== What to do ==
Output exactly, and only, the lines below from the one with "Thailand sexy model" down to the one with "Winston-Salem woman stuck". Include both end lines and no pictures.

== Data ==
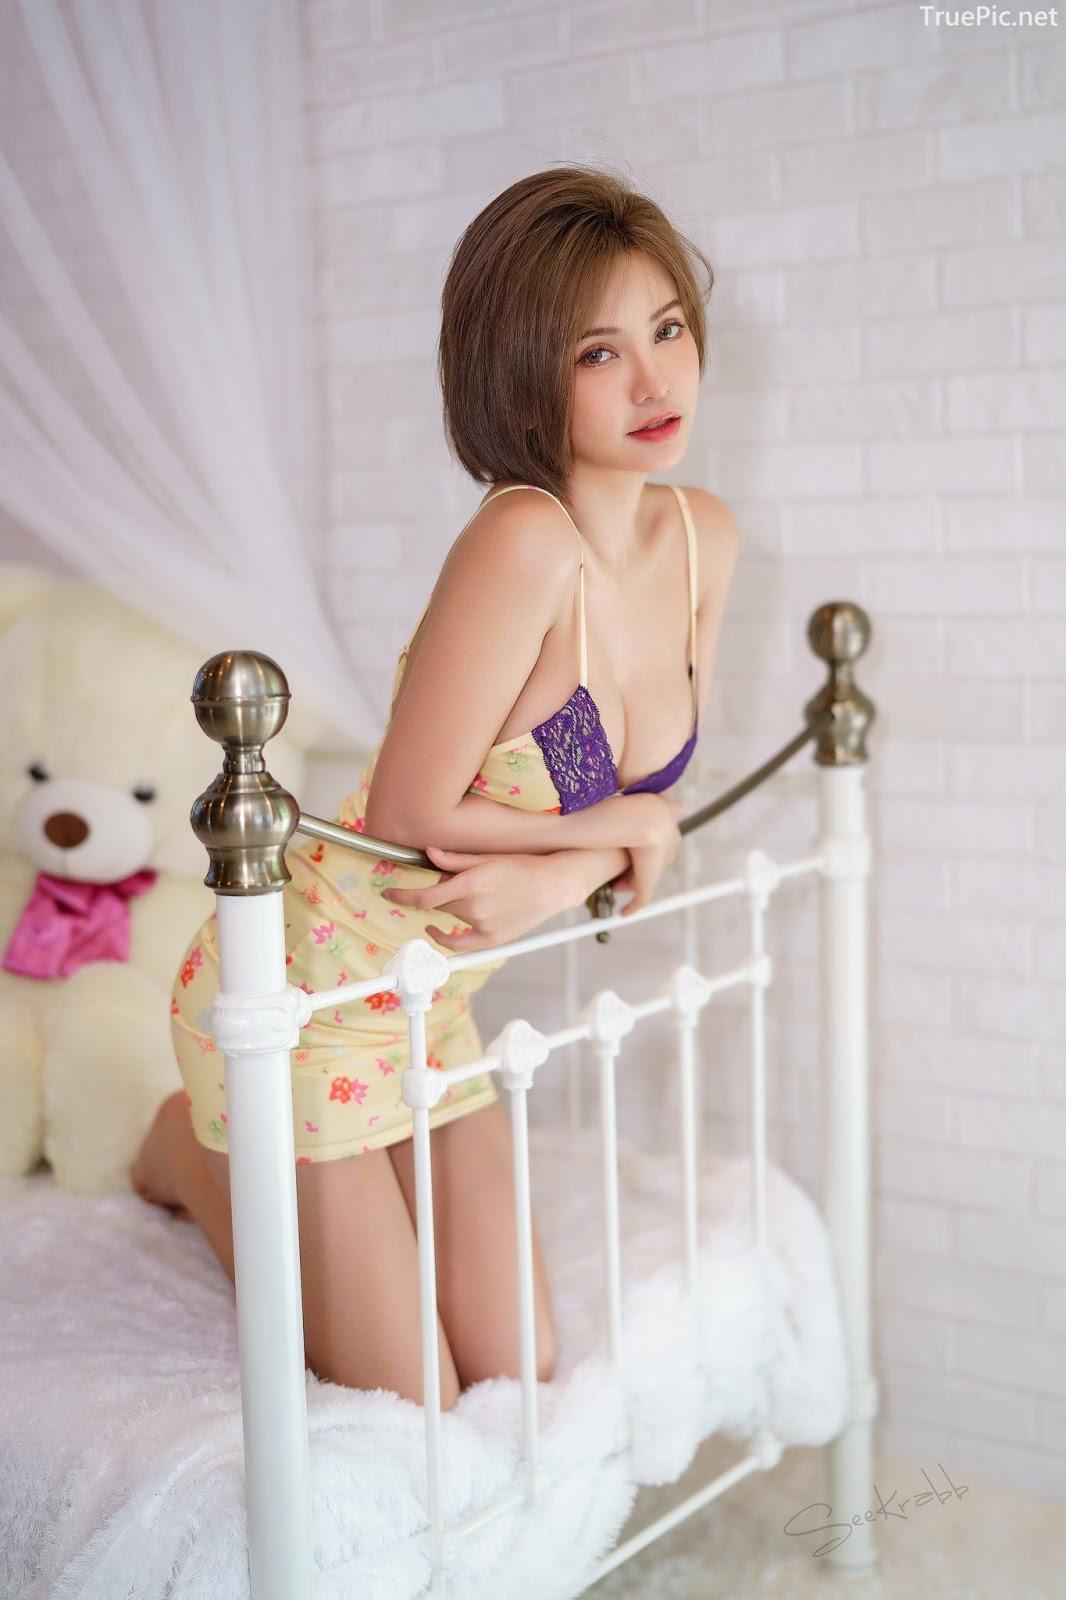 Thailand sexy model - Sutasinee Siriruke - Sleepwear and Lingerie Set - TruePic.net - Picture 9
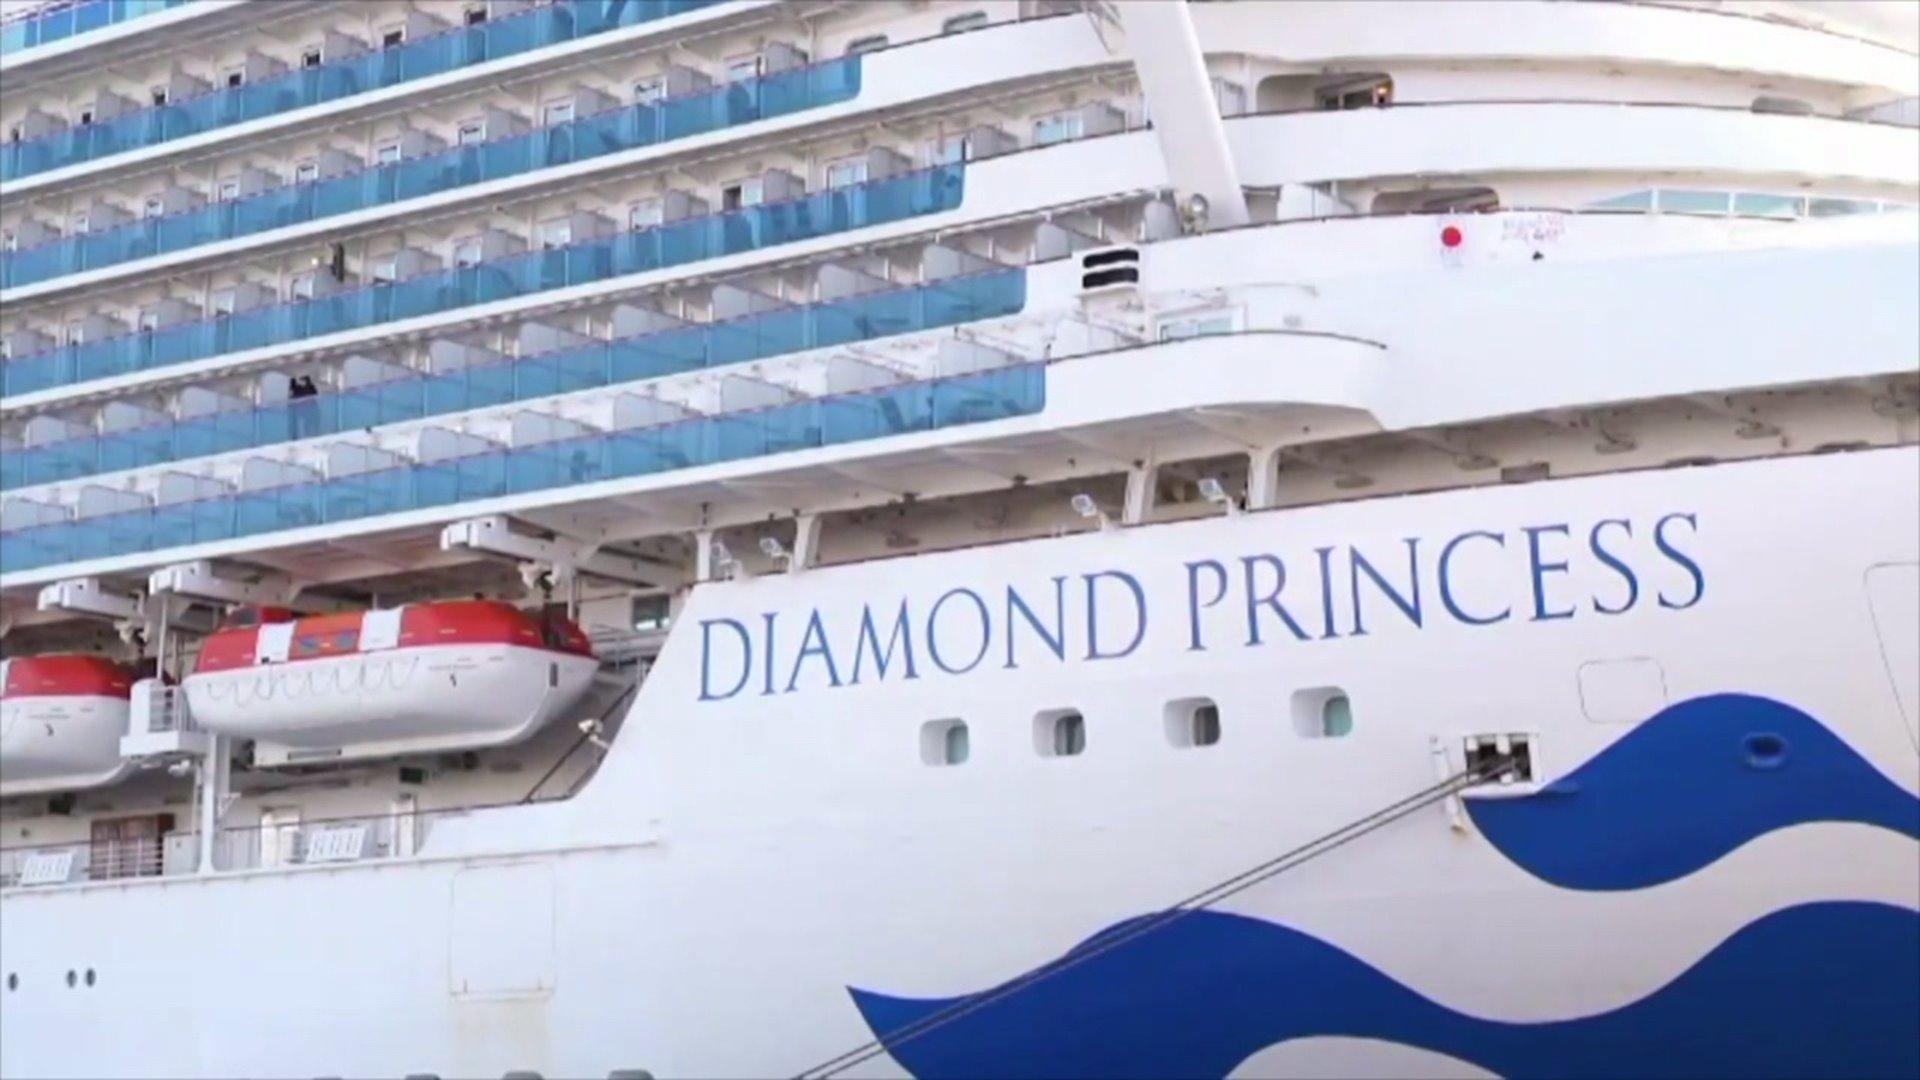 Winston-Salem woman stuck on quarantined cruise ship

* * *

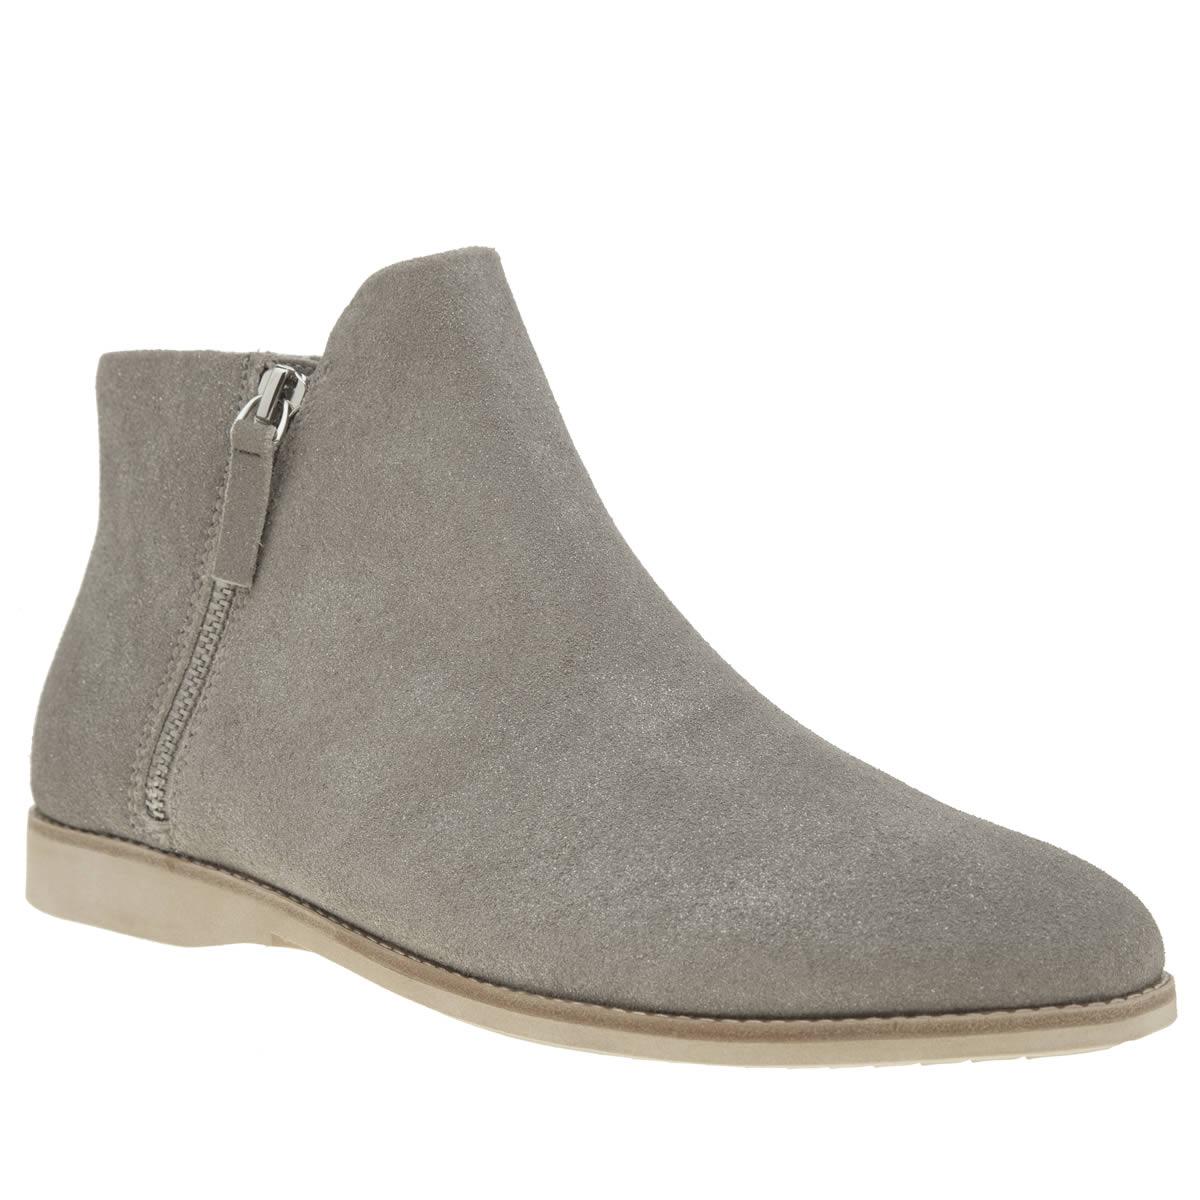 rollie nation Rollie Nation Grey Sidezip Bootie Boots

== Answer below ==
 Thailand sexy model - Sutasinee Siriruke - Sleepwear and Lingerie Set - TruePic.net - Picture 9
 Winston-Salem woman stuck on quarantined cruise ship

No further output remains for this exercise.